FACULTY OF SCIENCES AND TECHNOLOGY DEPARTMENT OF LIFE SCIENCES

STANDARD OPERATING PROCEDURE

Installation Date: May 2015 Version: 1.0 Status: Operational Number of pages: 6 Title: Assessing estuarine quality: A cost-effective in situ assay with amphipods

(i) PURPOSE: Standardization of the procedure for deployment and processing of in situ assays based on postexposure feeding of amphipods. (ii) SCOPE: To be applied in all in situ assays based on postexposure feeding utilizing amphipods Echinogammarus marinus in lower intertidal estuarine systems. (iii) REFERENCES: ASTM (American Society for Testing and Materials), 2002. Standard Guide for Conducting Acute

Toxicity on Test Materials with Fishes, Macroinvertebrates and amphibians. E 729-96. Philadelphia, PA, USA.

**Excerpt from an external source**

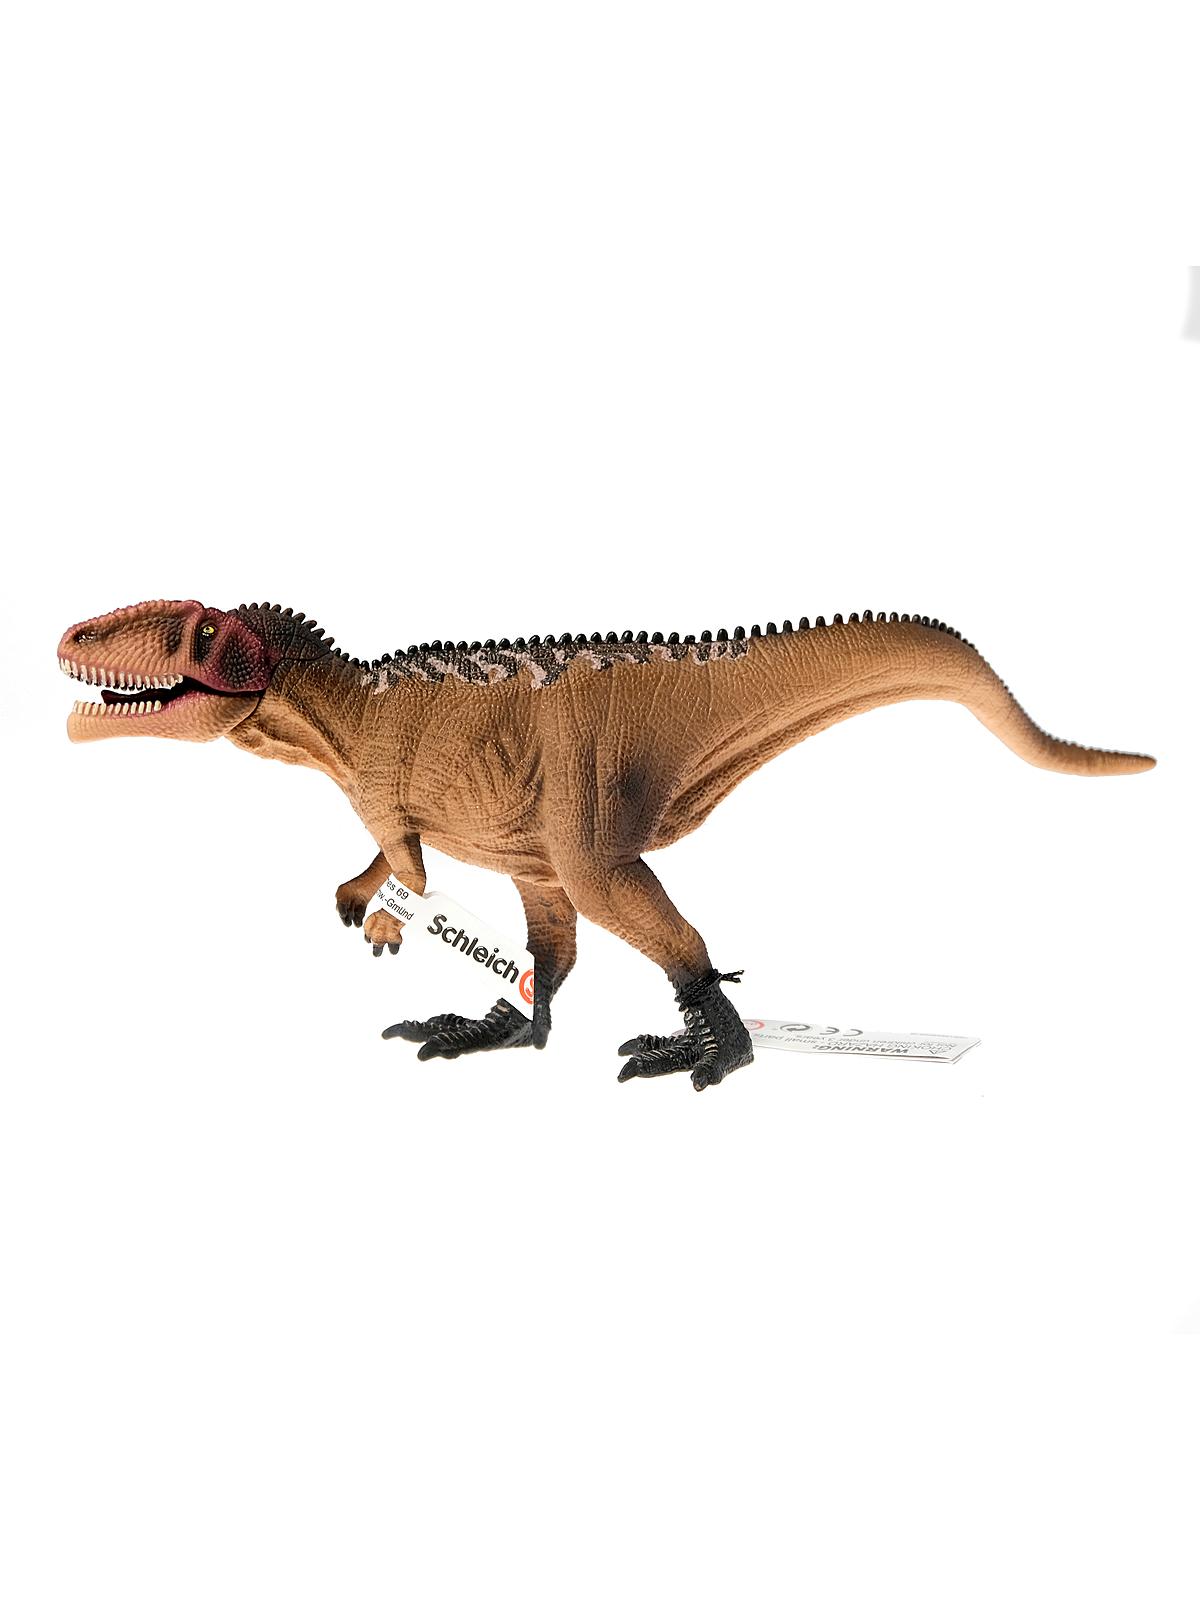 Gigantosaurus, Juvenile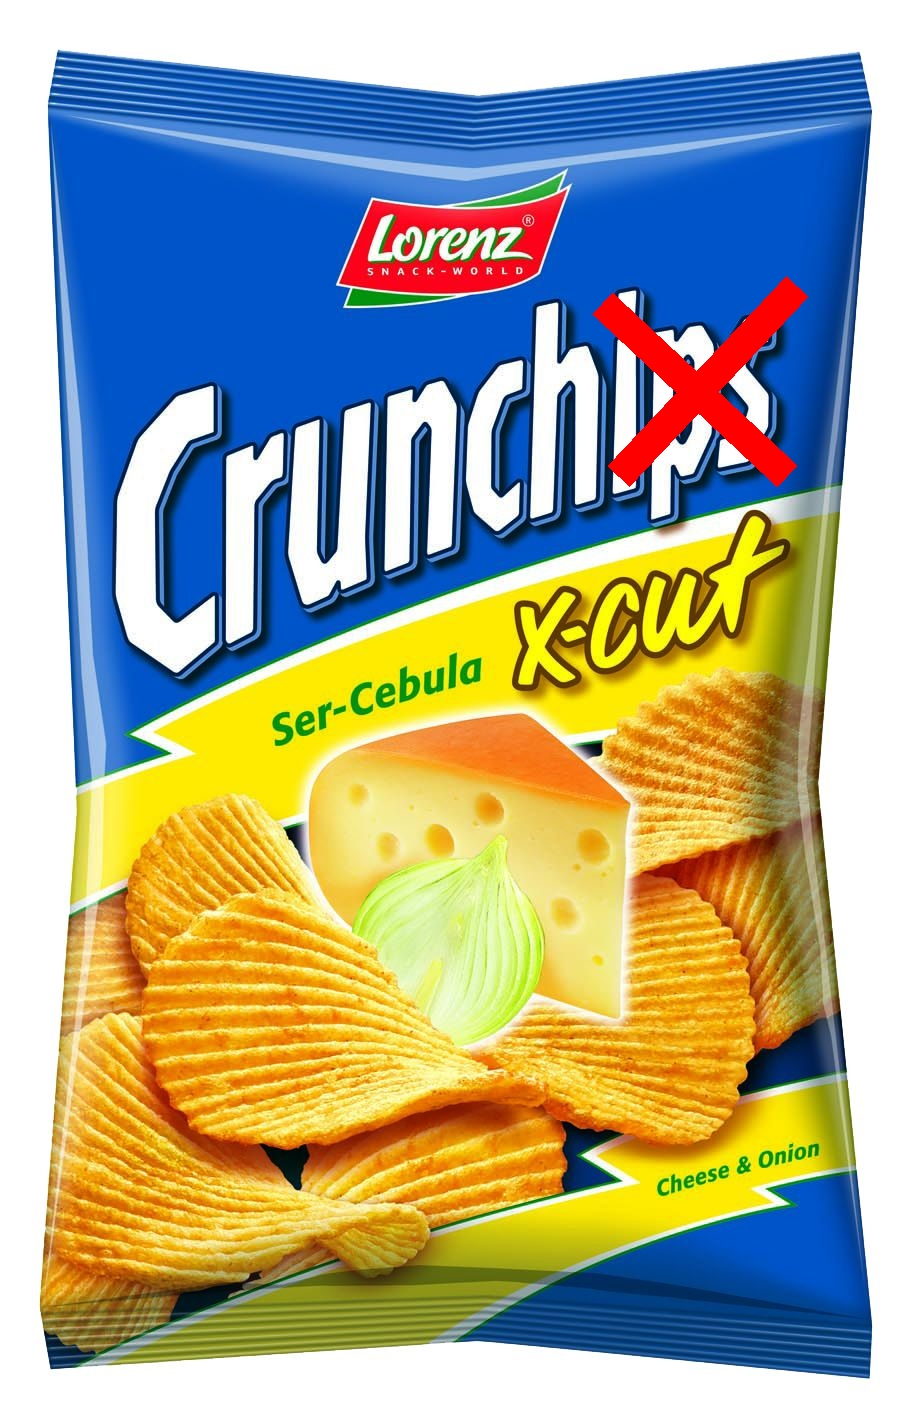 chipsy cebulowe crunchips

Guillard, R.R.L., 1983. Culture of phytoplankton for feeding marine invertebrates. In Berg CJ Jr, ed, Culture of Marine Invertebrates. Hutchinson-Ross, Stroudsberg, PA, USA, pp 108–132.

Martinez-Haro, M., Acevedo, P., Pais-Costa, A.J., Taggart, M.A., Martins, I., Ribeiro, R., Marques, J.C. 2016. Assessing estuarine quality: A cost-effective in situ assay with amphipods. Environmental Pollution DOI: 10.1016/j.envpol.2016.01.071.

Marques, J.C., Nogueira, A., 1991. Life cycle, population dynamics and production of Echinogammarus marinus (Leach) (Amphipoda) in the Mondego estuary (Portugal). Oceanol. Acta 11, 213–223.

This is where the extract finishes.